Helion raises $465 million to speed Microsoft fusion power plant
Helion’s latest $465 million round lifts it to $15.5 billion, but the real test is whether its first plant can send Microsoft power by 2028.

Helion raised $465 million in a Series G round that pushed its valuation to $15.5 billion, but the company’s harder challenge is not fundraising. It is proving that fusion can reach a power grid on Microsoft’s clock, with electricity from Helion’s first plant due as soon as 2028. The new round, led by Thrive Capital, brought Helion’s total capital raised to $1.5 billion and added fresh pressure to one of the industry’s most ambitious commercial deadlines.
That deadline centers on Orion, Helion’s first fusion power plant, now under construction in Malaga, Washington, in Chelan County. Helion broke ground at the site in July 2025 and says the plant is designed to supply at least 50 megawatts after a one-year ramp-up period. The Microsoft agreement, signed in August 2023, is widely described as the world’s first fusion power purchase agreement, with Constellation Energy handling power marketing and transmission. The deal gives Helion something the fusion field has rarely had: a customer waiting for real electricity, not just a laboratory result.

The company said the new money will speed commercial deployment of fusion, expand manufacturing capacity and widen its ability to deliver clean electricity to customers. That promise now has to survive the gap between capital and engineering. Helion still needs to show that Orion can operate reliably, produce power at scale and do it fast enough to meet the 2028 target.

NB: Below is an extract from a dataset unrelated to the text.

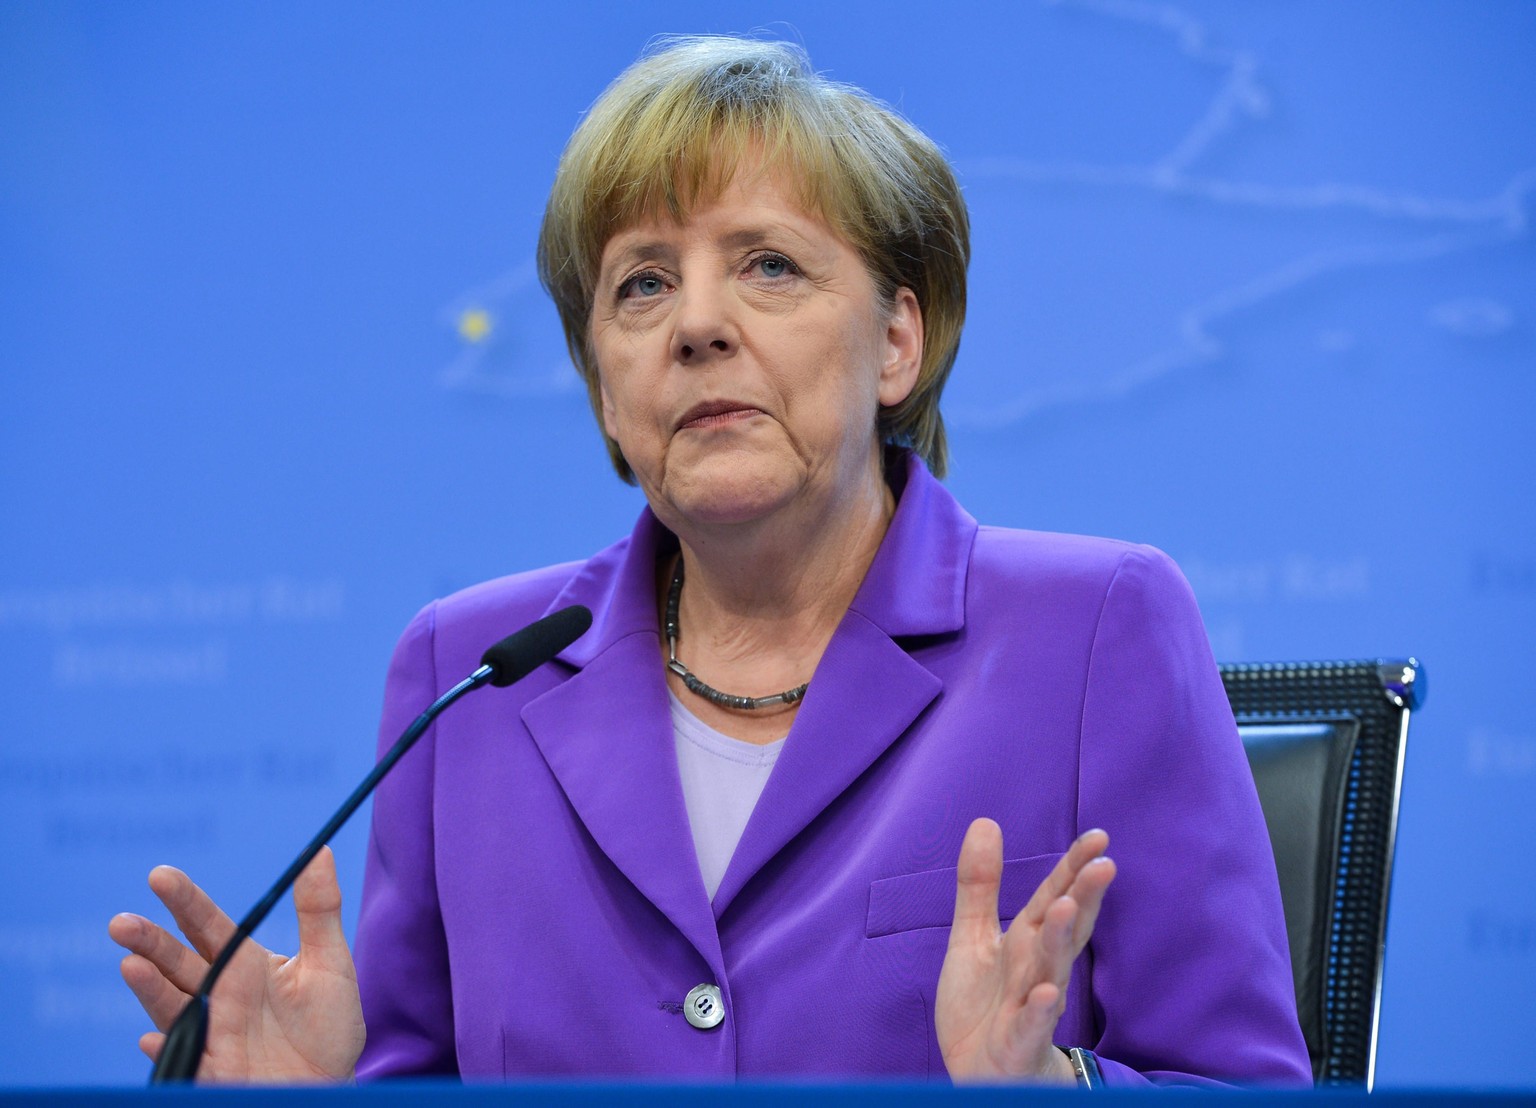 Sogar Angela Merkel, eine der mächtigsten Frauen der Welt, zweifelt ab und an an ihren Fähigkeiten.

Helion pointed this year to a technical milestone in its Polaris prototype, saying in February that it became the first privately developed fusion energy machine to demonstrate measurable deuterium-tritium fusion and reach plasma temperatures of 150 million degrees Celsius. The company has cast that result as support for commercialization. Even so, critics and experts continue to say major technical hurdles remain, and Helion’s relative secrecy has made independent evaluation difficult.
For Microsoft, the arrangement ties a corporate clean-energy commitment to a technology that has spent decades promising more than it has delivered. For Helion, the next two years are the difference between a historic grid debut and another reminder that fusion remains one of energy’s most expensive bets on the future.